My Dad did 1 thru 4, didn't quite get #5 all the way, but he's doing OK so far; after 16 years of retirement (and turning 82 next week)
Go Dad!
 

w_b

Well-Known Member
And doing it still in NJ right? Very impressive!
The whole "lower your cost of living in retirement" thing never occurred to him.
Now he's not as spry as he was, so he's not MTB'ing with me anytime soon, but he figured it out.

Few more years, my kids outta collage, then feet up.
 

Bike N Gear

Shop: Bike N Gear
Shop Keep
Anyone familiar with Blackrock's separately managed accounts? Advisor is recommending moving our muni bonds to a Blackrock Municipal Fixed Income fund managed by Blackrock for increased diversification.
 

Patrick

Overthinking the draft from the basement already
Staff member
Anyone familiar with Blackrock's separately managed accounts? Advisor is recommending moving our muni bonds to a Blackrock Municipal Fixed Income fund managed by Blackrock for increased diversification.

is diversification in govt backed bonds a thing?
They should be able to post a historical record of winning against what you are doing now, otherwise it seems like a commission grab.

I'm just buying/reinvesting VNJUX for tax exempt incl NJ. Took a little hit with the interest rate rise,
but there is a delay effect as new bonds paying more are issued.

The only reason to be in munis is tax efficiency - otherwise corporate paper makes significantly more.
 

Bike N Gear

Shop: Bike N Gear
Shop Keep
is diversification in govt backed bonds a thing?
They should be able to post a historical record of winning against what you are doing now, otherwise it seems like a commission grab.

I'm just buying/reinvesting VNJUX for tax exempt incl NJ. Took a little hit with the interest rate rise,
but there is a delay effect as new bonds paying more are issued.

The only reason to be in munis is tax efficiency - otherwise corporate paper makes significantly more.
Expenses are lower for the Blackrock account than VNJUX. We were told .07 total. .03 to our advisor and .04 to BR. Or visa versa.
 

Bike N Gear

Shop: Bike N Gear
Shop Keep
is diversification in govt backed bonds a thing?
They should be able to post a historical record of winning against what you are doing now, otherwise it seems like a commission grab.

I'm just buying/reinvesting VNJUX for tax exempt incl NJ. Took a little hit with the interest rate rise,
but there is a delay effect as new bonds paying more are issued.

The only reason to be in munis is tax efficiency - otherwise corporate paper makes significantly more.
Forgot to mention.
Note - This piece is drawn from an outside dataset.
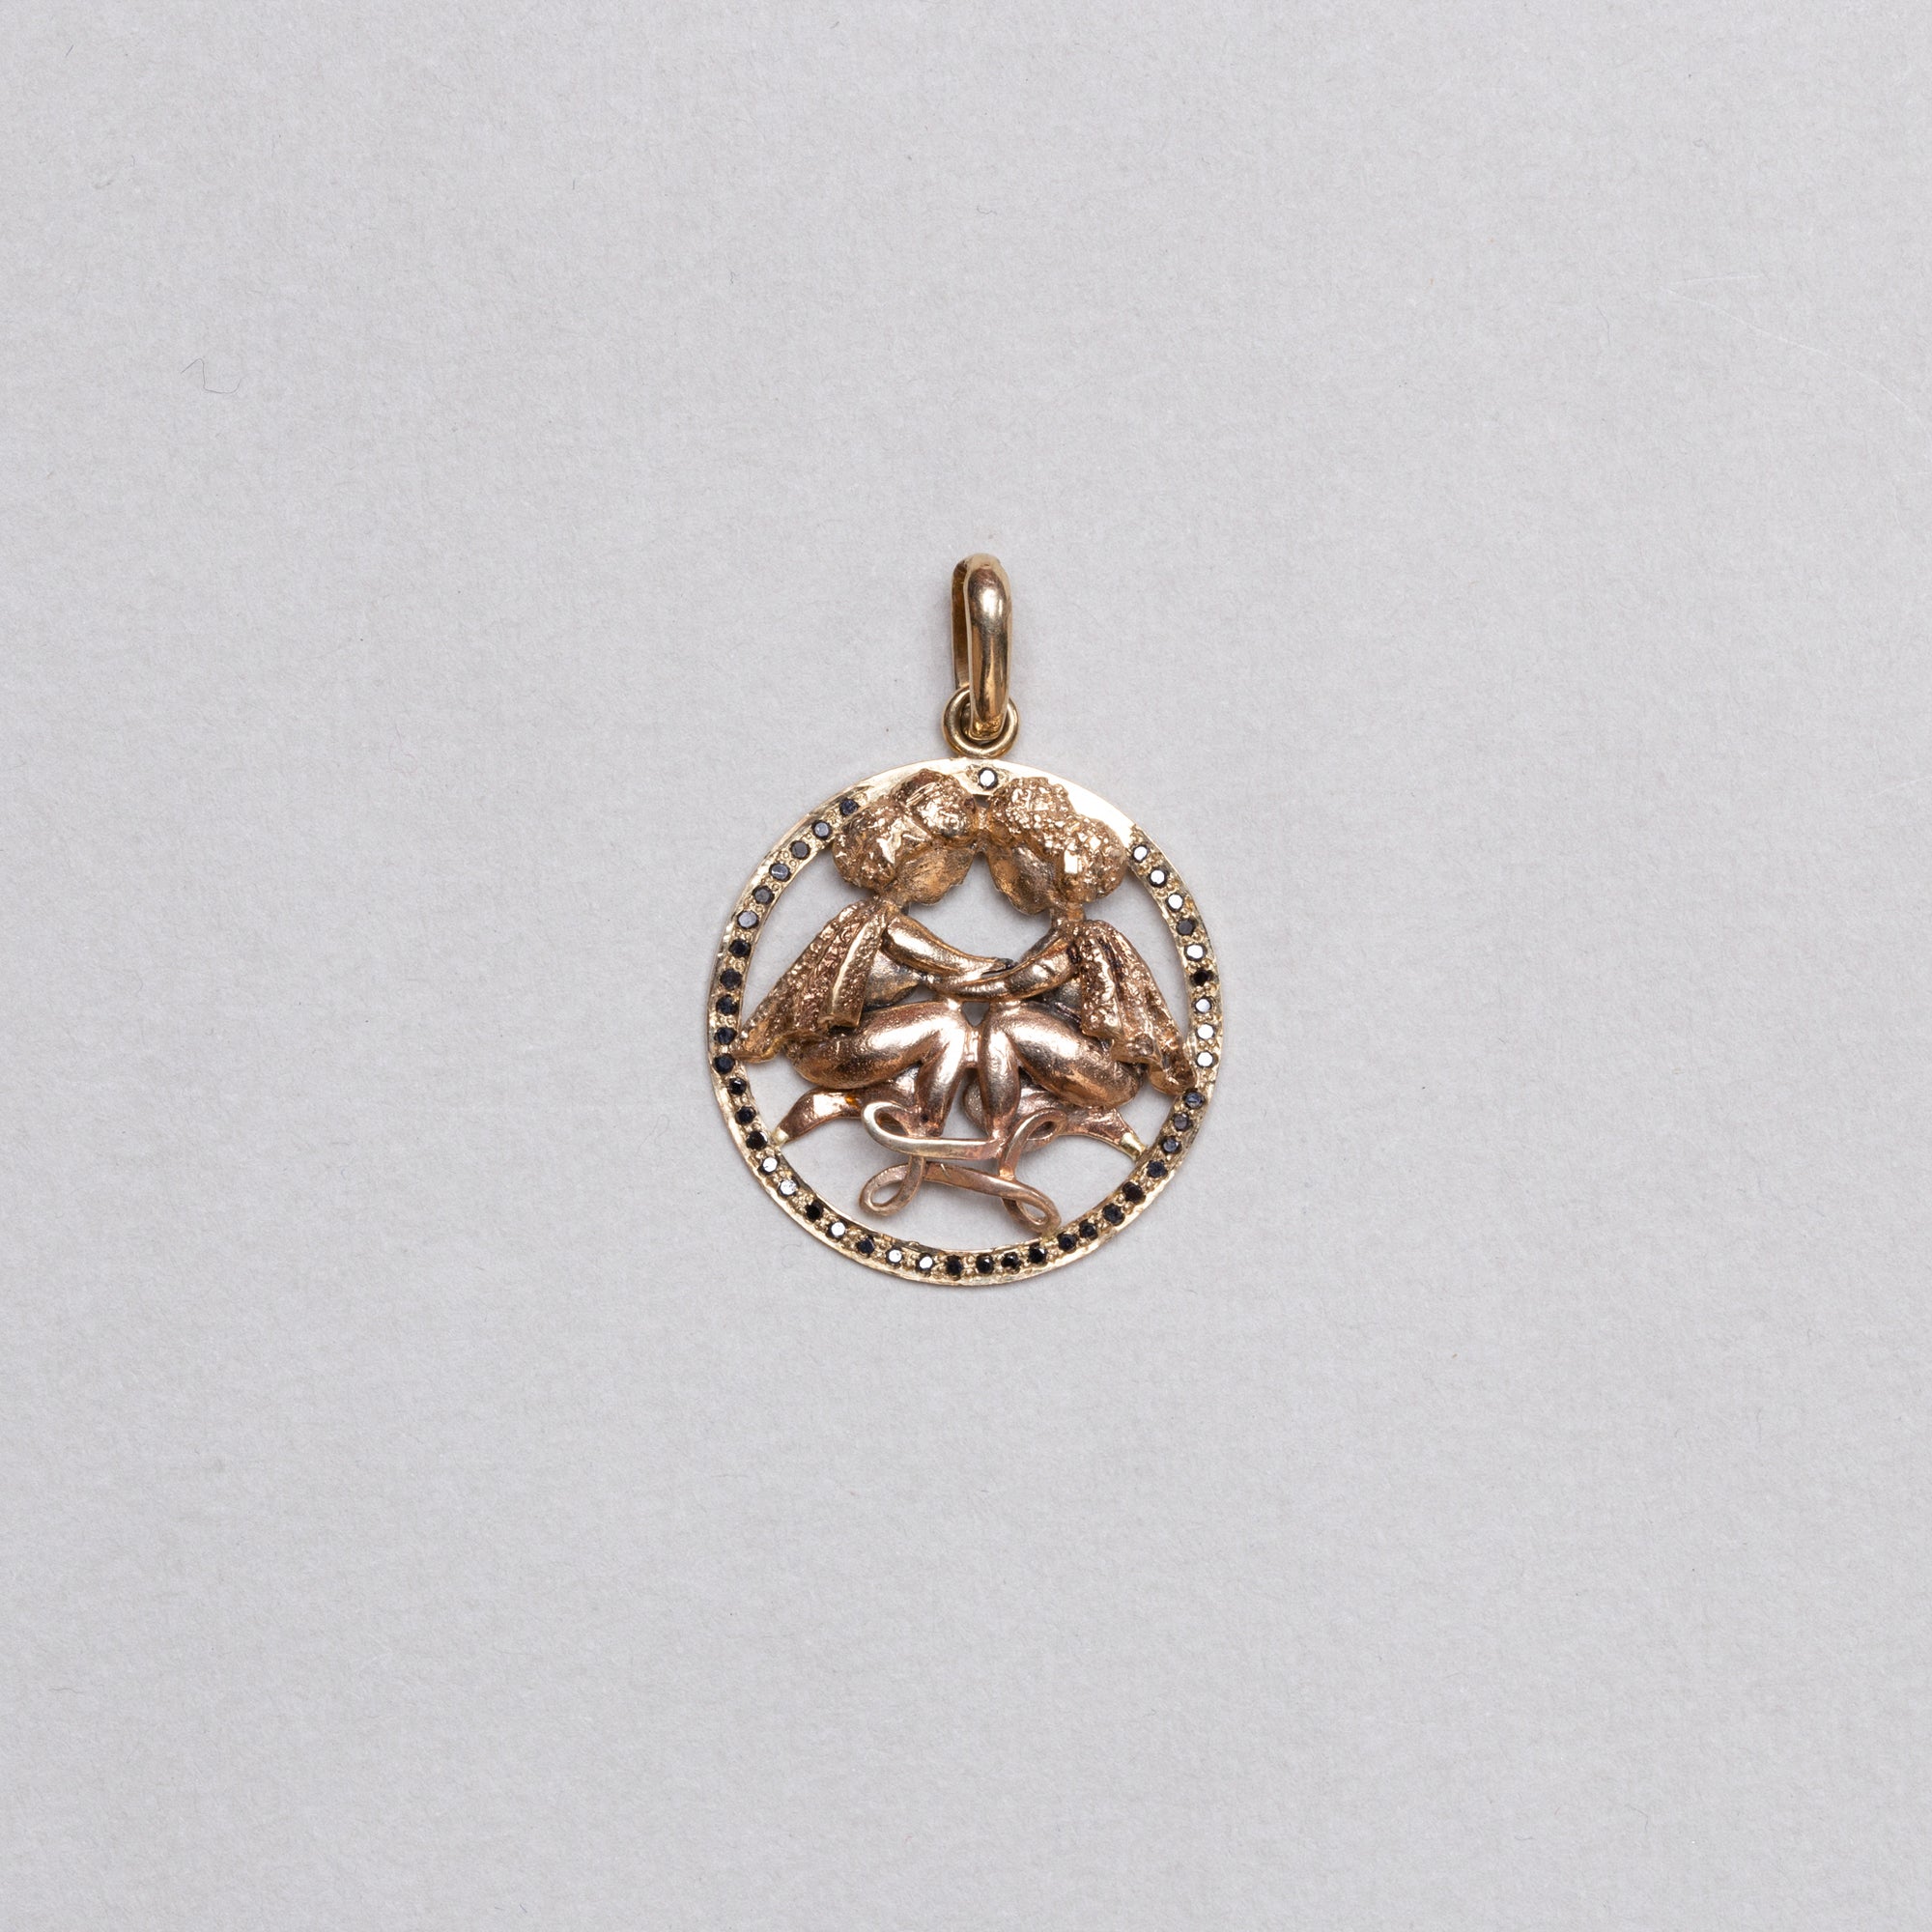 Vintage 9ct Gold Gemini Pendant Charm with Black Diamonds

With this account it's managed by BR, but we own the assets.
 

Carson

Sport Bacon
Team MTBNJ Halter's
I'm in a few different brokered CDs at Vanguard. 3 months, 5.15% APY. Waiting for the bottom to drop... but it's not.
 

Patrick

Overthinking the draft from the basement already
Staff member
Good question. Our CFP talked about municipal bond funds for our post-tax house sale proceeds. Will have to decide soon what we are going to do. I suggested to wifey put it all on black on roulette but she was nor amused.

They work best when there is state and local tax, since they would be triple tax free. Is cfp recommending a fund or actual bonds?
 

Fire Lord Jim

Well-Known Member
If you think interest rates are at a peak, CDs make a lot of sense. If you think interest rates have more to go, money market funds make a lot of sense. When the CDs I bought in January (4.3%) matured, I just put the proceeds in money market accounts. I'm getting better than 5% with no lock-in. You can also get that with a brokered CD. However, when rates increase, the brokered CD value decreases while the money market rate increases, so it makes for a nice set it and forget it plan.

One reason to do a CD rather than money market: if you are targeting your income to fall below some cap, a CD maturing after December will defer the interest to 2024 whereas the money market will continue to create 2023 interest income.